_Goal of the exercise_
A faithful copy of the data, pictures omitted, is the required answer.

*** Data

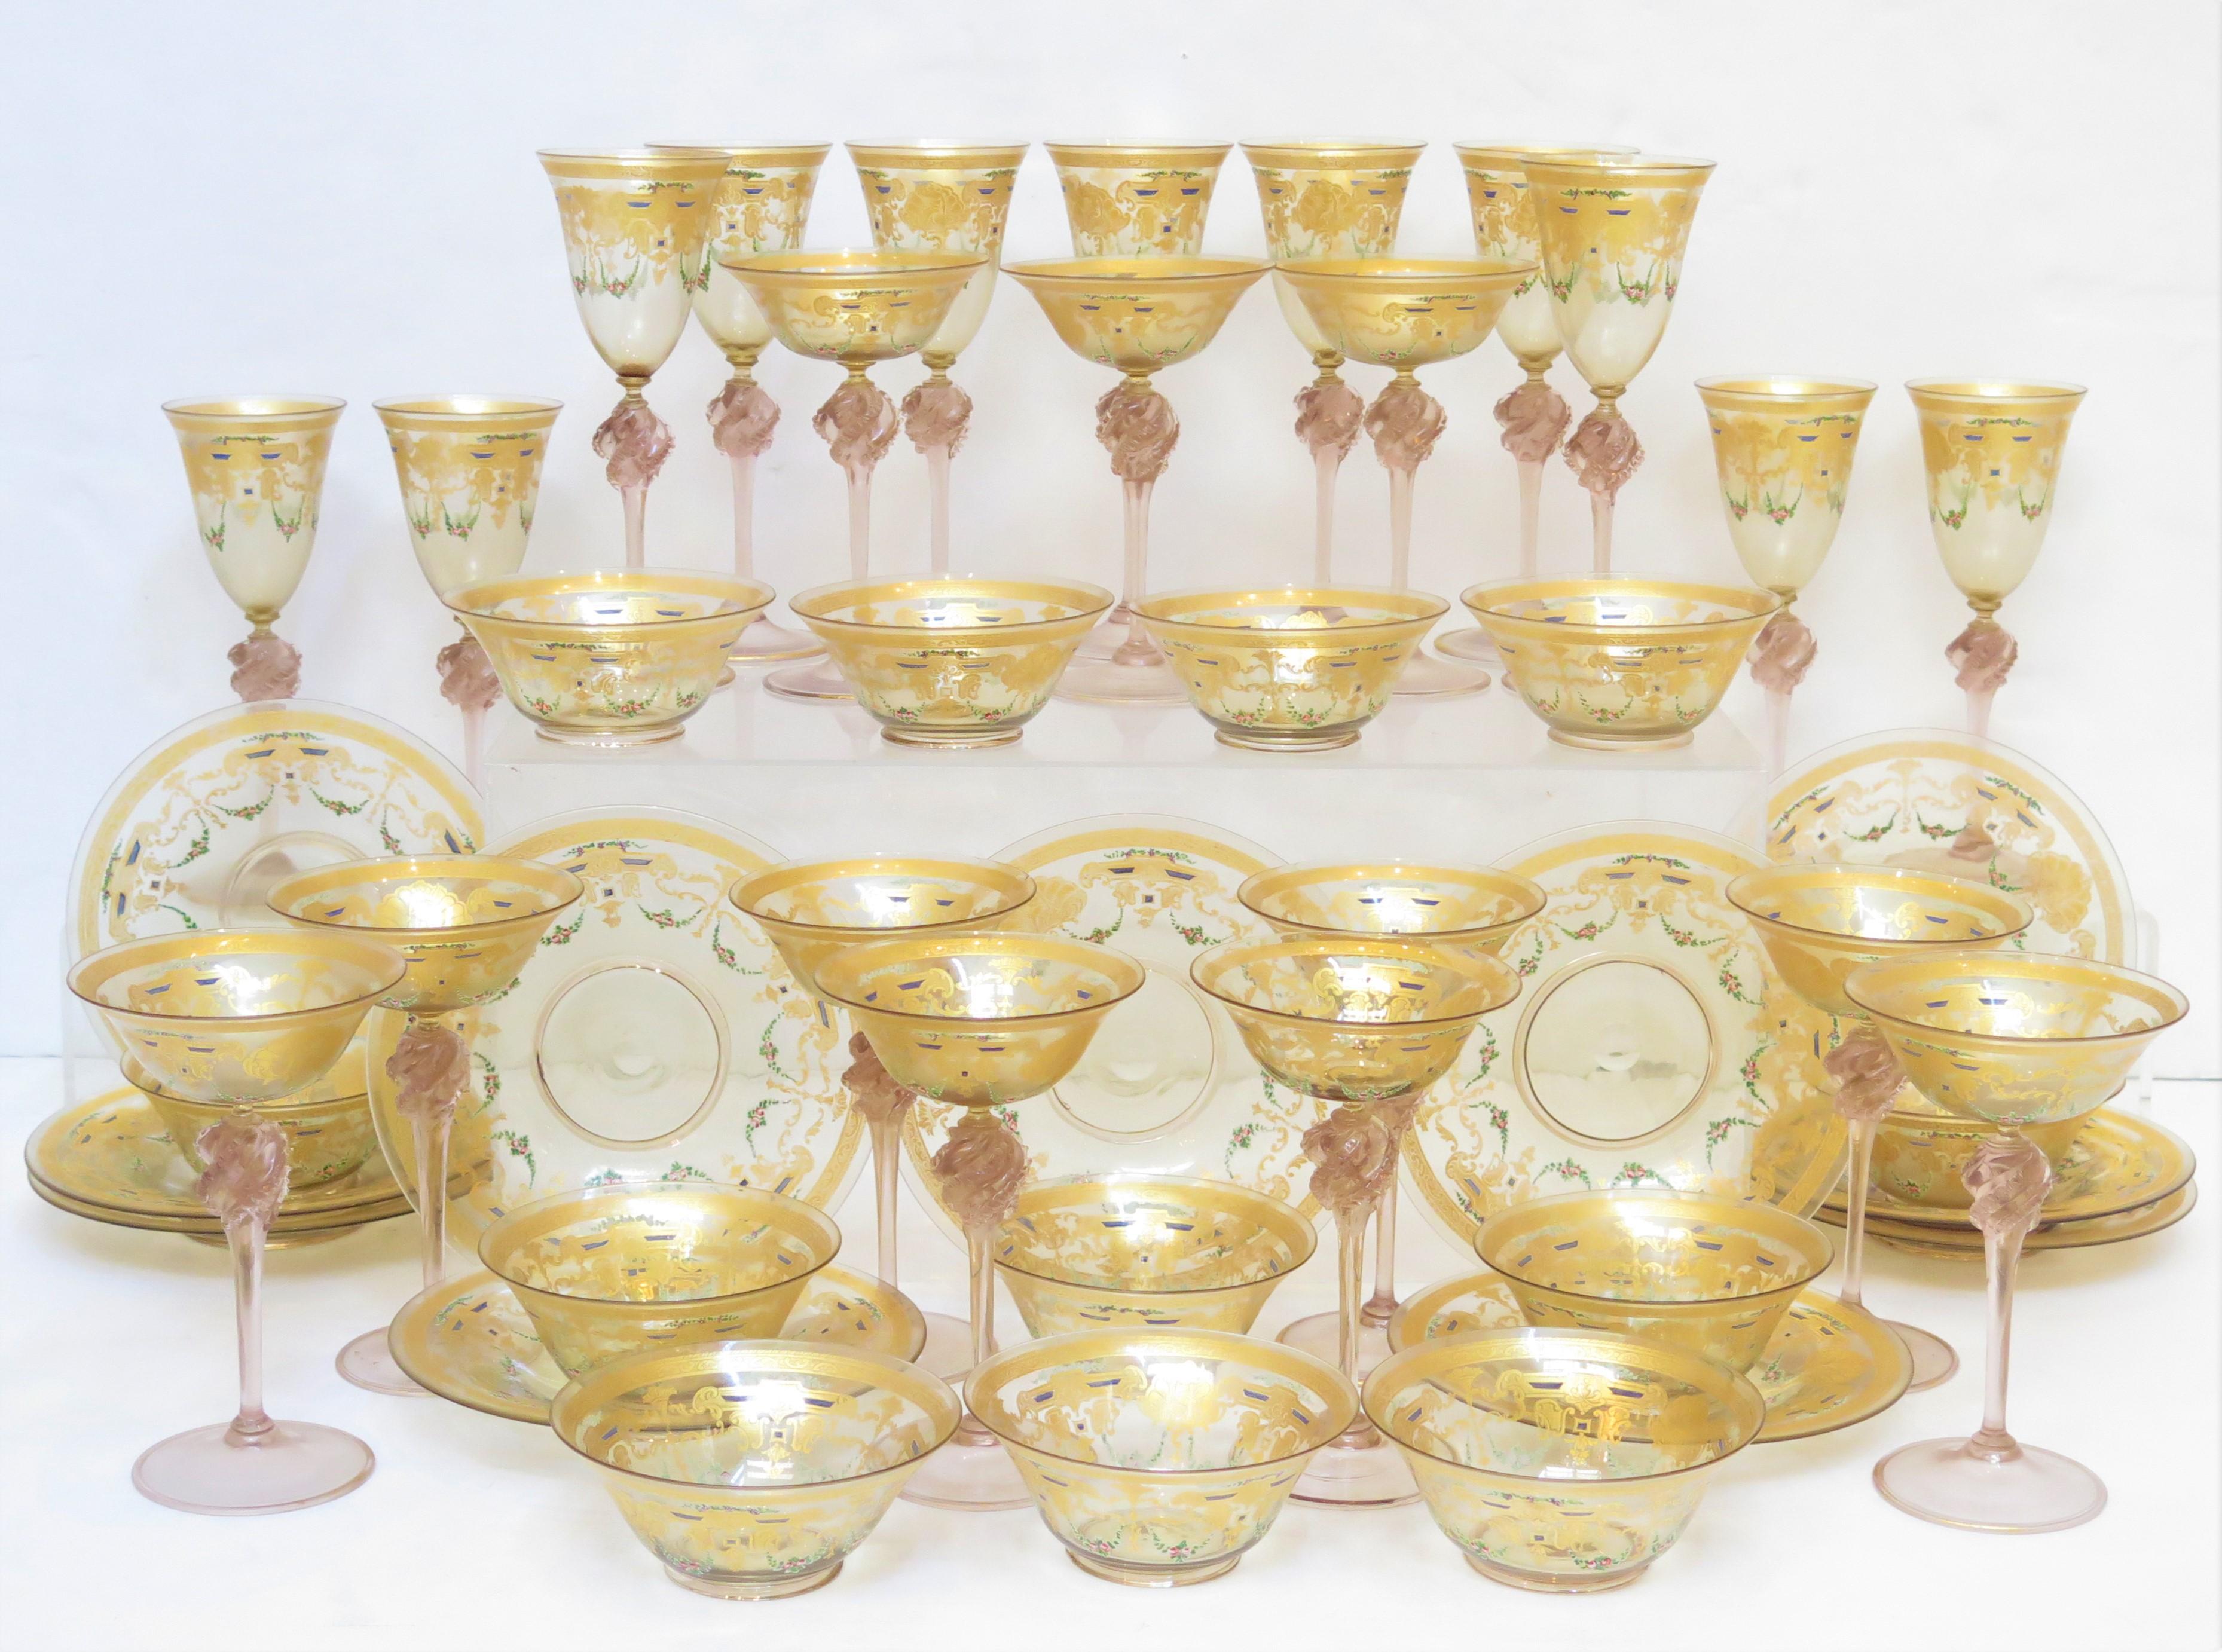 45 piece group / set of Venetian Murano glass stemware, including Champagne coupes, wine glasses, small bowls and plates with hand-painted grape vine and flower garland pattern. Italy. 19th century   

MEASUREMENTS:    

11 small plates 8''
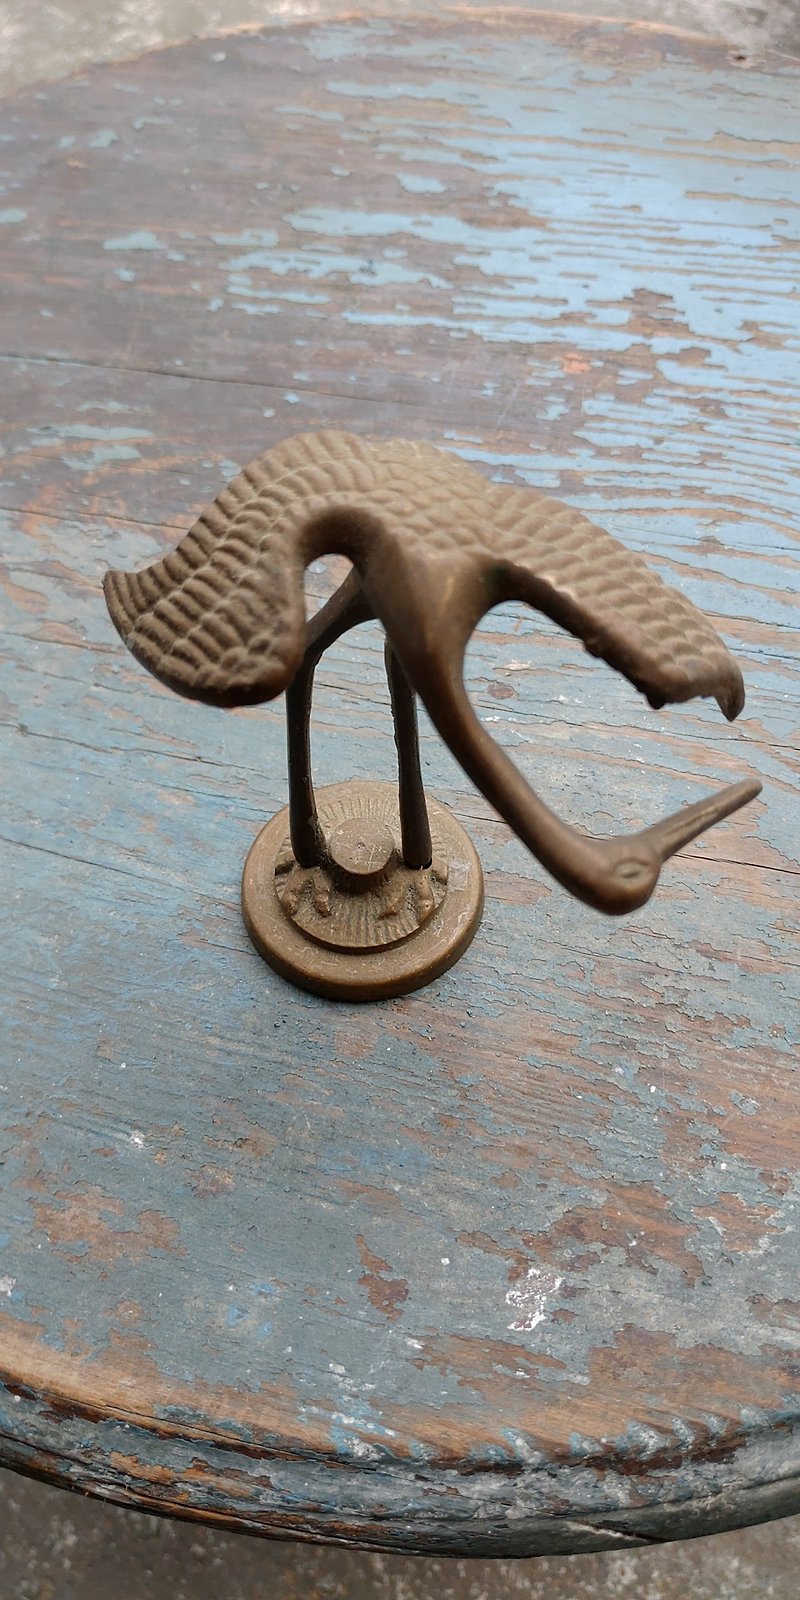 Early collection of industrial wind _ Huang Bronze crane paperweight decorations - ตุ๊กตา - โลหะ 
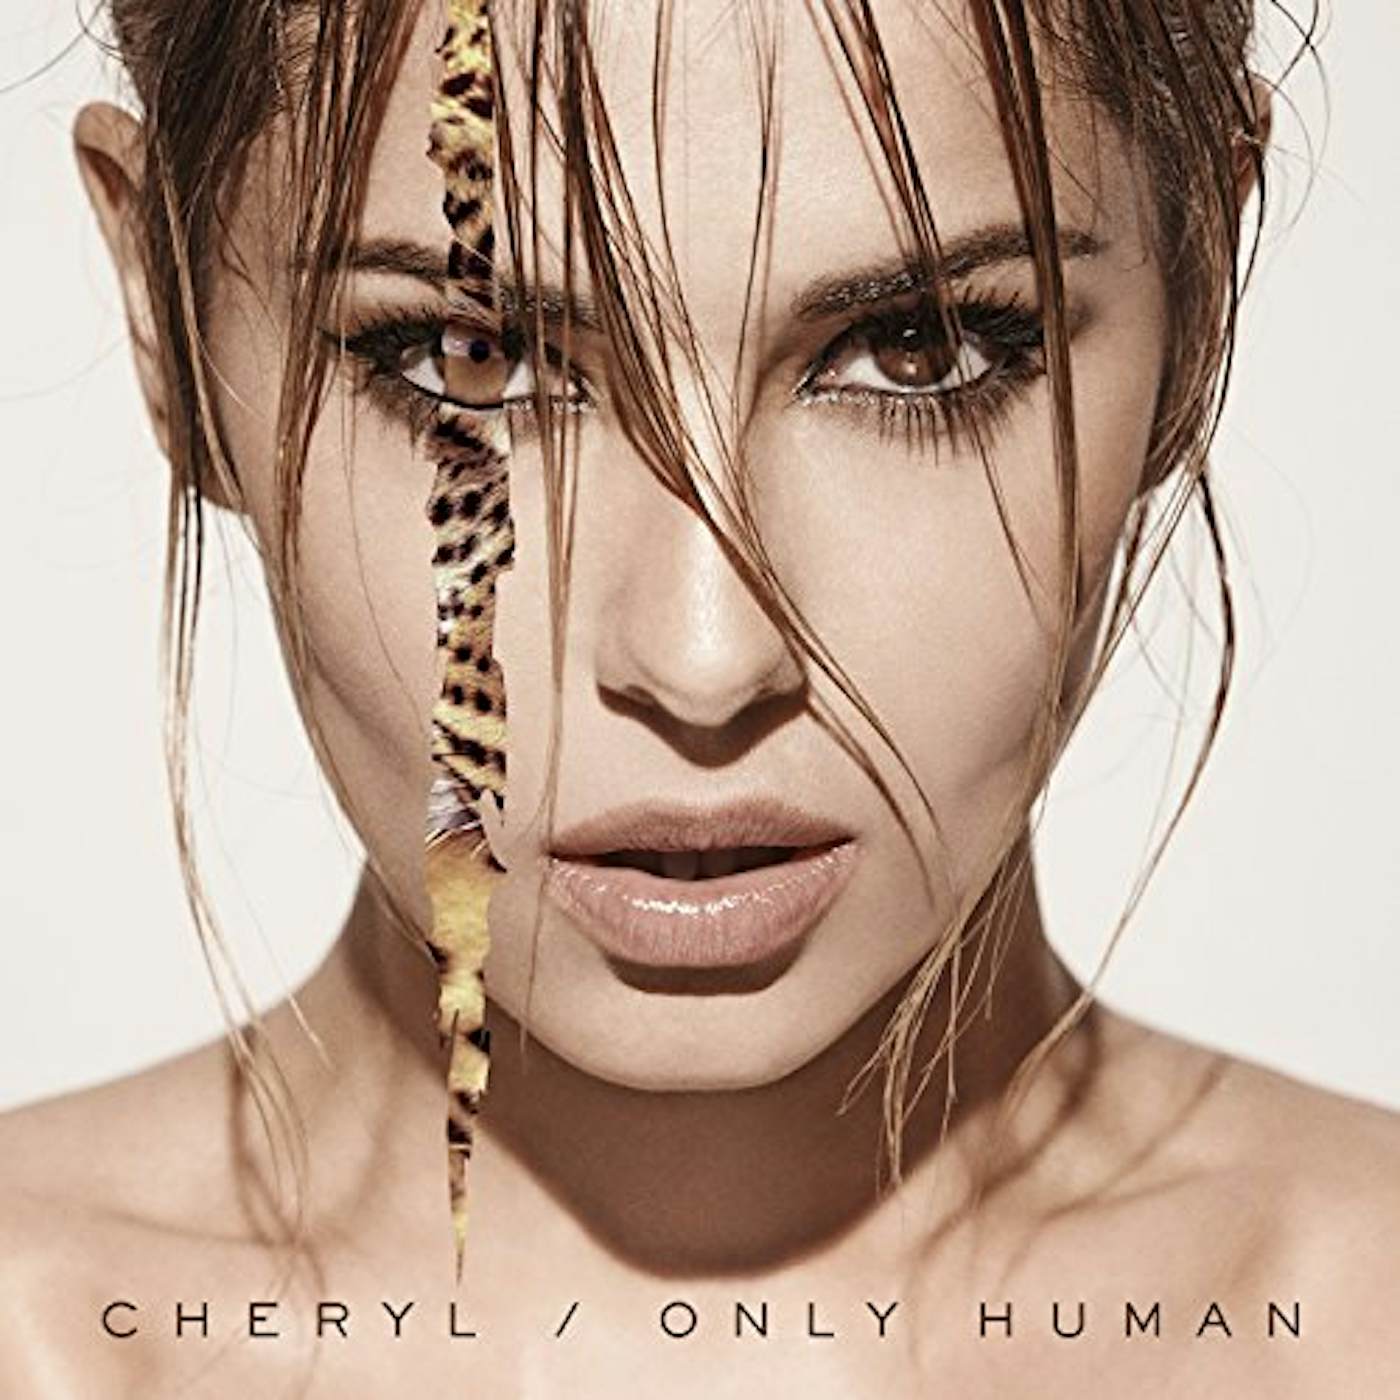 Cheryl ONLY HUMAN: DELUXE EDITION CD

******

_Result of this exercise_
 45 piece group / set of Venetian Murano glass stemware, including Champagne coupes, wine glasses, small bowls and plates with hand-painted grape vine and flower garland pattern. Italy. 19th century   

MEASUREMENTS:    

11 small plates 8''
 Early collection of industrial wind _ Huang Bronze crane paperweight decorations - ตุ๊กตา - โลหะ 
 Cheryl ONLY HUMAN: DELUXE EDITION CD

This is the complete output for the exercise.